Conrad wiped a tear from his eye. He held up his bottle and the two men clinked them together.
“Life is horrible,” Conrad said.
“It’s what we made,” Travis replied.
19
“First things first,” Colonel Warrant said to his Chief Engineer. “Power the freezers. Next, we need some light in the galley and Atrium. Next, stoves and ovens. Then running water. I’ll come for an update tonight. I’ll bring sushi.”
The engineer, Brenda White, stood next to him in the main engine room. The room was cavernous, three decks high. There were banks of machinery, metals of silver, brass and gold curved into pipes, cabinets, and coils. There were glass gauges, and red control dials on wall-length desks. It was all in disarray. Equipment and electronics shelving were knocked over. Bullet holes riddled the huge metal cylinders. Somewhere, something was running. Most of the equipment here was dead.
Brenda White had spent hours already looking things over here and in the emergency power room, talking with crew and refugees she’d enlisted who knew one thing or another. The bodies had been cleared before Brenda got there, but there was a lot of blood, everywhere she looked. Which explained why there were so few remaining of the engineering staff.
The Colonel left and she looked at the twenty entirely male ship’s crew and volunteers waiting for her plan.
She wasn’t Chief Engineer at the start of the cruise. She was a passenger. But the Chief Engineer who started the trip was dead or gone overboard, and Brenda White was an elite electrical and mechanical engineer, used to designing systems for some of the biggest factories in the Americas. But she was more used to boardrooms than factories for some years now. Now Brenda White was Chief Engineer of the Festival.
It would have taken weeks of study for Brenda to understand the Festival, but they were fortunate that a few of the specialists were still alive and on board. Most importantly, the Chief Electrician.
There were also refugees on the ship who were good at fixing things: electricians, mechanics, engineers, technology technicians of all type, plumbers, welders and general repairmen. There was no one resource that could really help Brenda unravel the ship’s mysteries, but together they were able to do great things.
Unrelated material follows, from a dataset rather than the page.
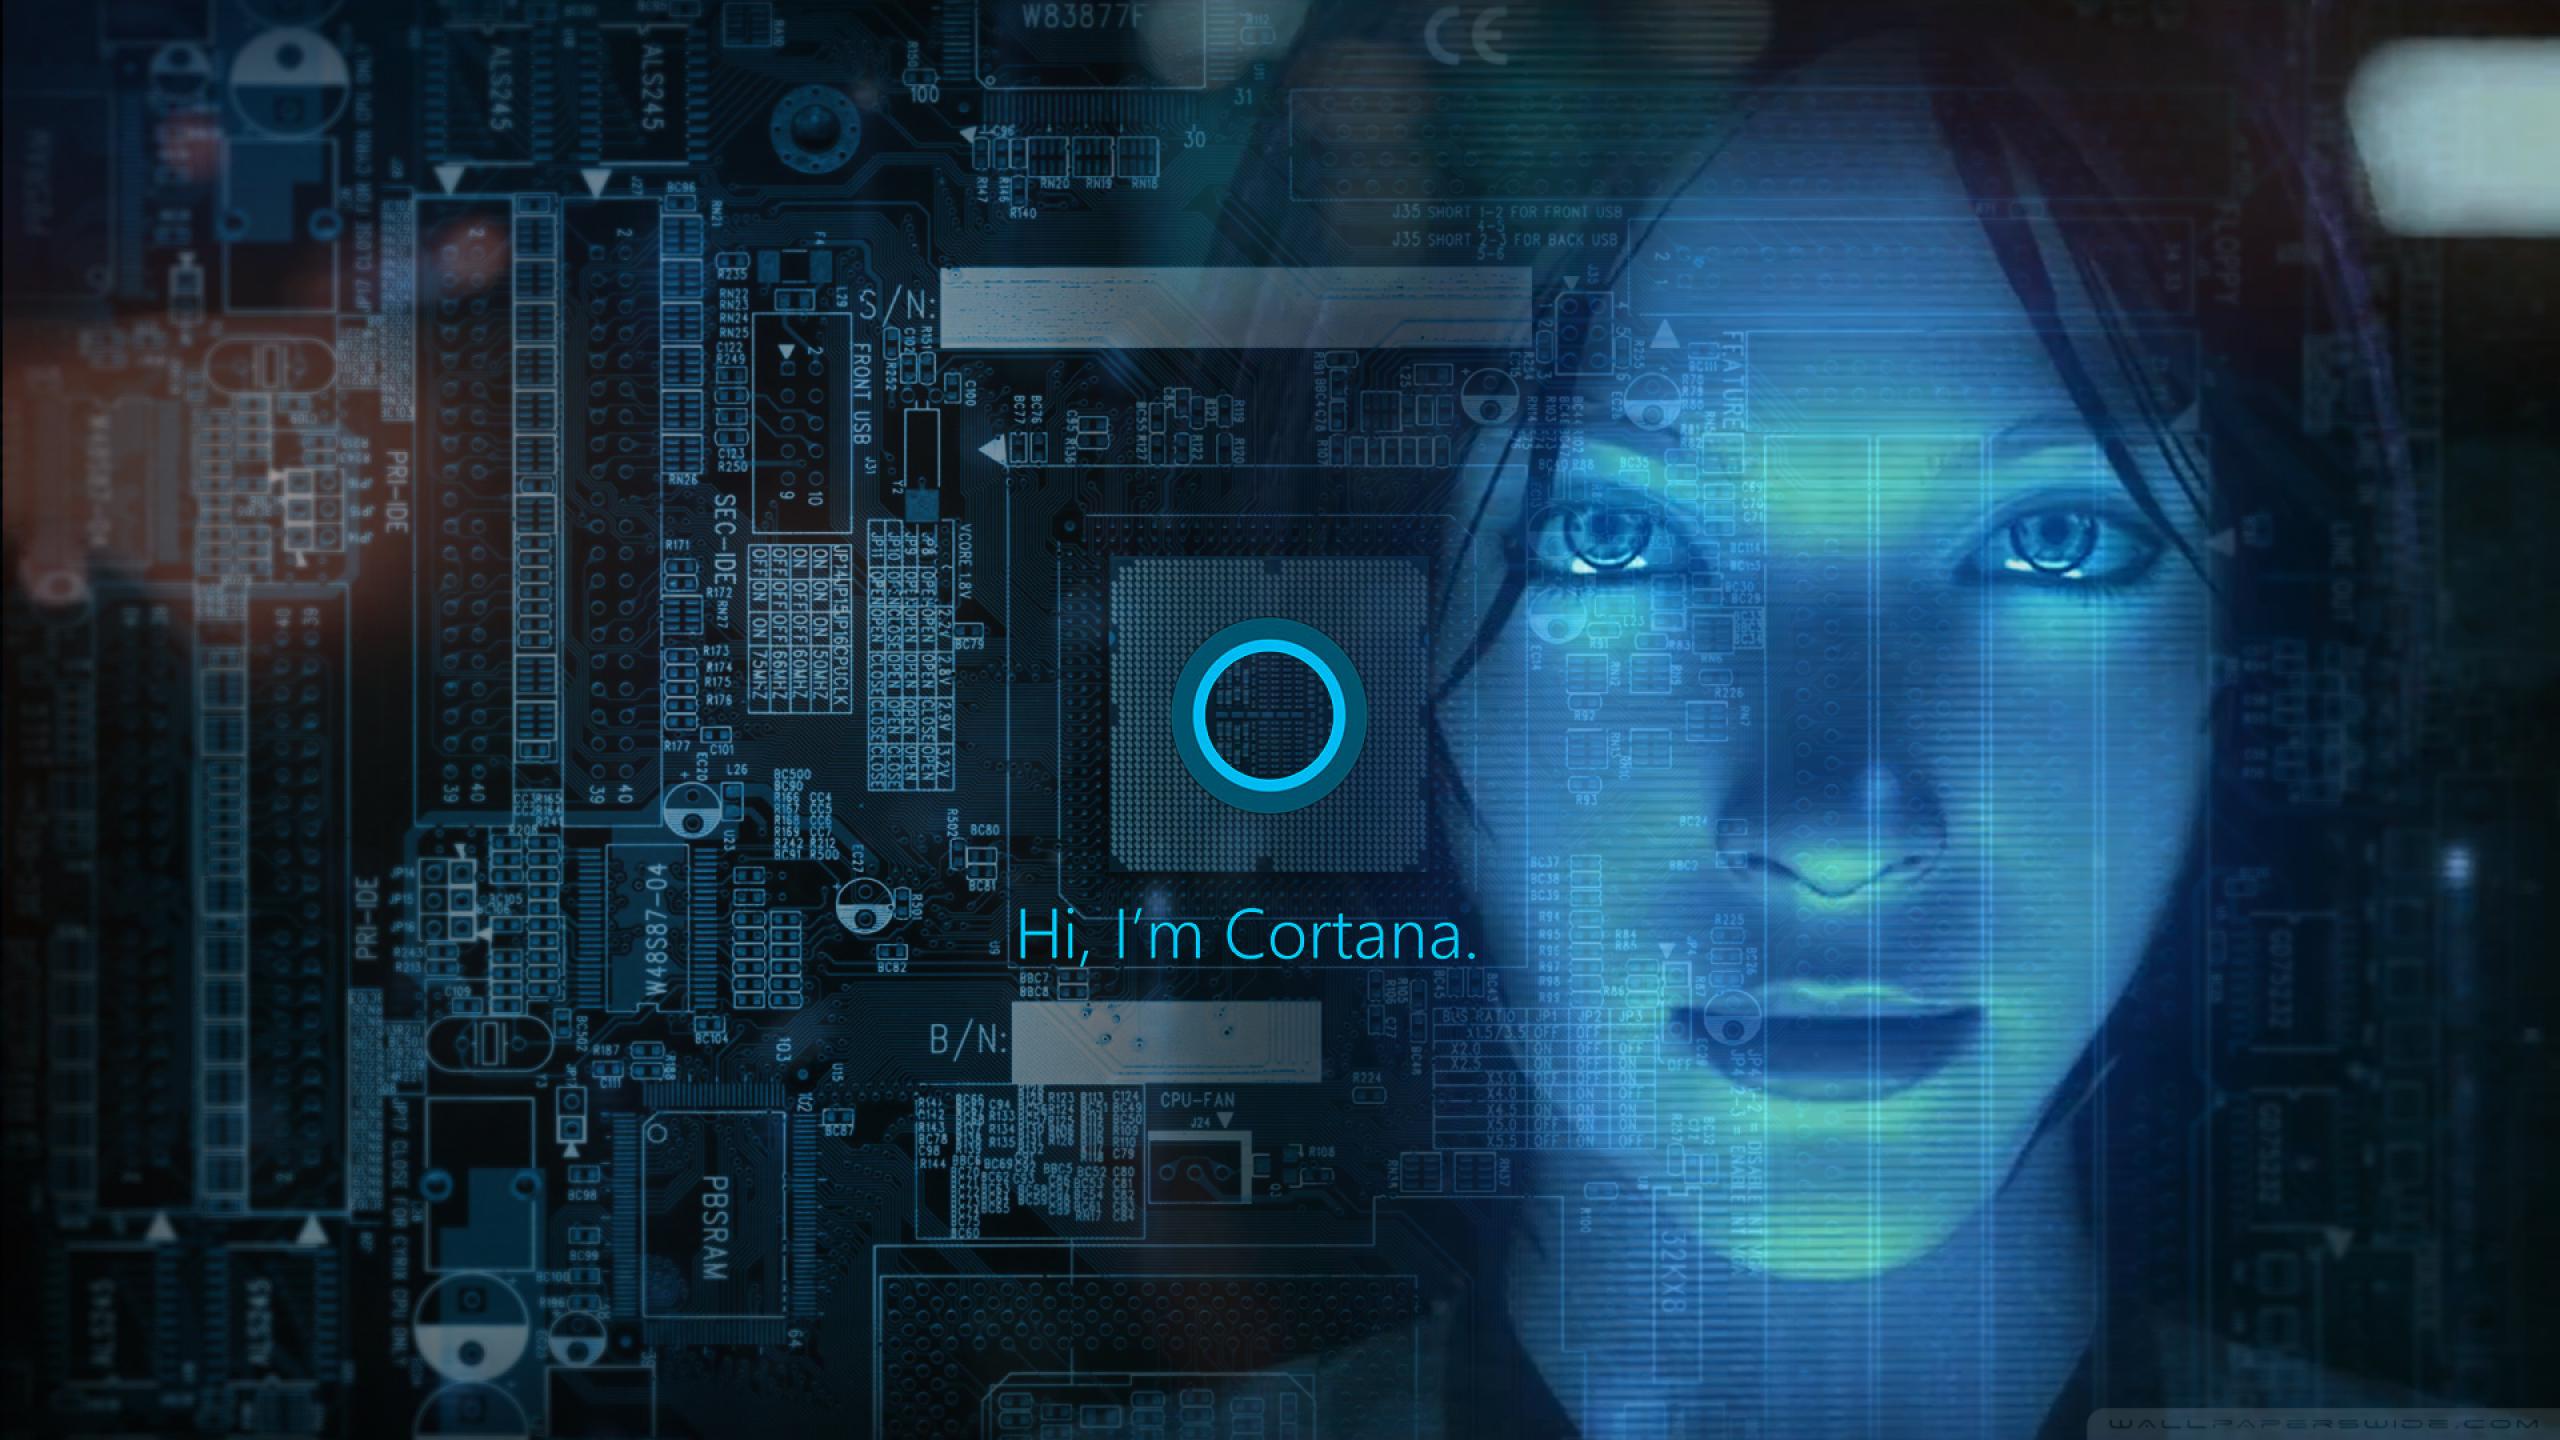 【熊大人美化分享】Win10小娜Cortana高清壁纸合集:老司机典藏版-

The biggest problem took little time to understand. The main generator room, which supplied power to the ship, was closed off in a flooded compartment. Without the generators to transfer power from the engines to the propellers, the boat would not move. The generator room lay forward of the engines and desalination area, in the section of the ship breached by the collision. The watertight doors had been sealed; there was no going in or out, not just the generator room, but all the cabins and halls directly above the generator room. The exterior walking deck at the Atrium level did not extend back past that closed section, so passing from the bow of the ship to stern required climbing to one of the top two enclosed levels, the Penthouse and Resort decks, or the open Sky Deck above that.
Below the waterline, even the areas they had access to, the engines, desalination plant and control room, were in disastrous condition from the collision and being shot up by the pirates. Most of the systems required the generators in any case.
But the pirates evidently had not gone to the emergency generators above.
The emergency generators were running. They powered the emergency lighting on some decks, where other damage had not knocked the systems out. Ventilation and other key systems should have been running off the emergency generators as well, but there seemed to be other breakdowns somewhere.
What member of the engineering department had switched the system to emergency power, or shut the watertight doors from the control room, no one ever knew. They were dead or gone. But the ship floated still, and the generators ran because someone had done what they were supposed to.
The emergency generators put out 1,200 kW. Enough for 20,000 light bulbs, Brenda imagined, but not enough to do much interesting on a ship this size. Certainly it wouldn’t move it. Still, it would last. Without the propulsion systems to power, there was an almost unlimited supply of fuel to power that generator.